Posted in Barrafranca, Piazza Armerina with tags , , , , , , , on September 18, 2010 by gannet39

For me personally, Piazza Armerina is not a place I would want to stay for any length of time.

Piazza Armerina

A lot of tourists come here however to see the beautifully preserved (by a mudslide) mosaics at Villa Romana del Casal, just on the outskirts of town. Famously these include the ‘bikini girls’ which show Roman women playing sports in an early representation of the two-piece costume.

Villa Romana

If you are staying at the rather depressing Hotel Roma (the best place in town?, maybe try a hostel) the food is pretty good (Intermediate B) and quite reasonably priced. I had a good Tagliatelle dello Chef and a Cotoletta allo Palmeritana (pork cutlet in breadcrumbs), along with a mezzo of Nero d’Avola and Macedonia for about 20 euro.

For water, a cold drink on a terrace or a nearby bite to eat, take a U-turn to the left out of the hotel and up Via Roma. You will find Ristorante Pepito on the immediate right. I didn’t try the food so can’t comment.

Vilma Wine Bar (Intermediate A), 89 Via Garibaldi, next left after Via Roma.

This is a great place to start or finish your evening, you will be welcomed by the friendly English-speaking Roberto (if he hasn’t sold the place yet), who lived in London for three years. He has free internet in the bar and a wide range of reasonably priced beers, spirits and local wines. Set in an atomospheric part of the old town, near the theatre. Opens at 5pm, closed Sundays. I had a nice glass of white here, Branciaforti IGT (Firriato ’08) for 3 euro.

Ristorante Pizzeria da Nino (Intermediate A-), 12 Via Gebbia. Turn left out of the hotel, go straight until the road forks, bear right but keep going straight, past a church, turn right at the TIM shop with red awnings (before the bus square, a sign points to the local penitentiary ), go past Bar Sestercio (ate an ok lunch here waiting for the bus but it’s a bit of a roach hole), Nino’s is on the left.

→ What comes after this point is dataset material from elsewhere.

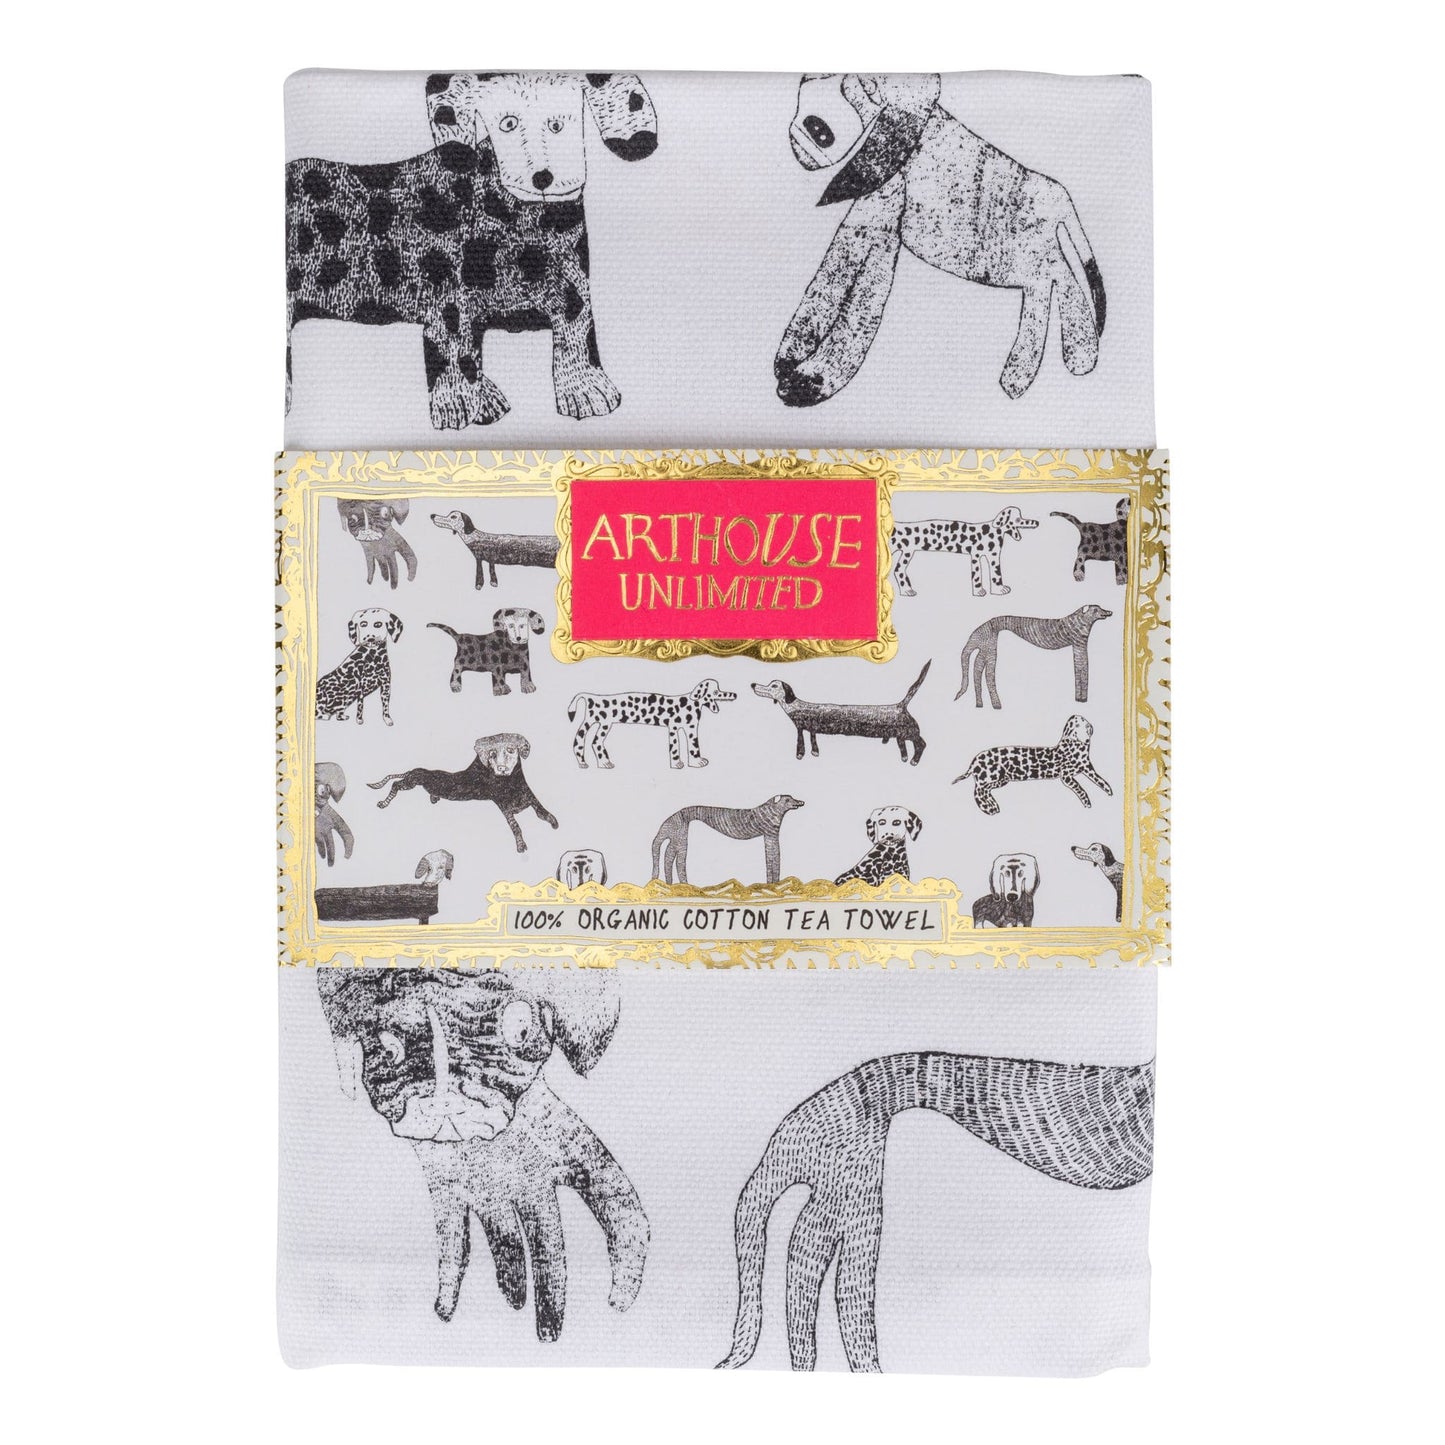 Dogs | Organic Cotton Tea Towel - in packaging
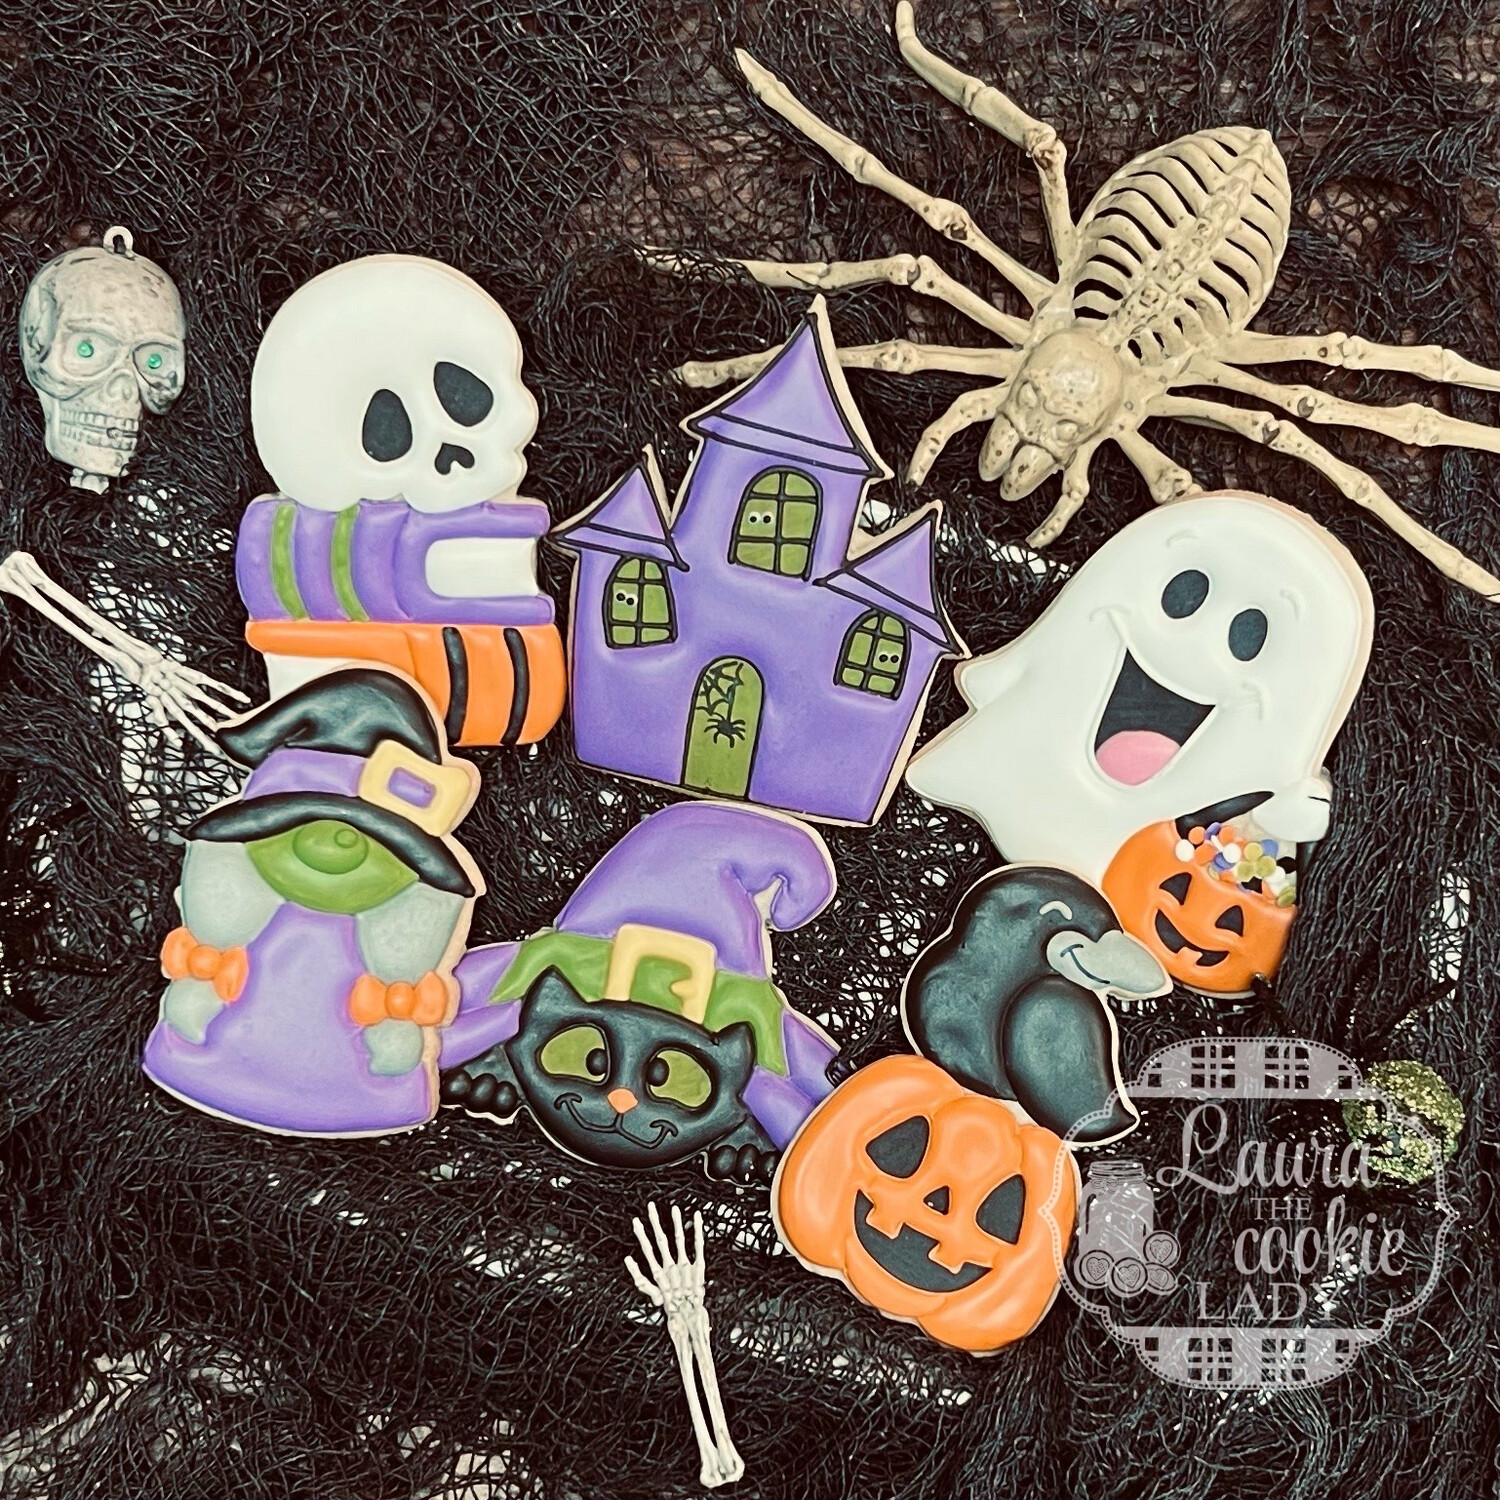 Halloween Cookie Decorating Class Friday 10/7 6pm

This is a nice spot to escape the heat and hustle and bustle of town. It’s a large courtyard with ivy-covered walls, olive trees, wagonwheels and wooden wheelbarrows full of flowers. The speciality here is grilled meat and after a nice Caprese di Bufala (B) I had the Arrosto Misto (A), which consisted of a large pork chop, a thick slab of pancetta, sausage, quail, beef steak and a spit (spiedino) of chicken and turkey, with a side order of grilled veg (A).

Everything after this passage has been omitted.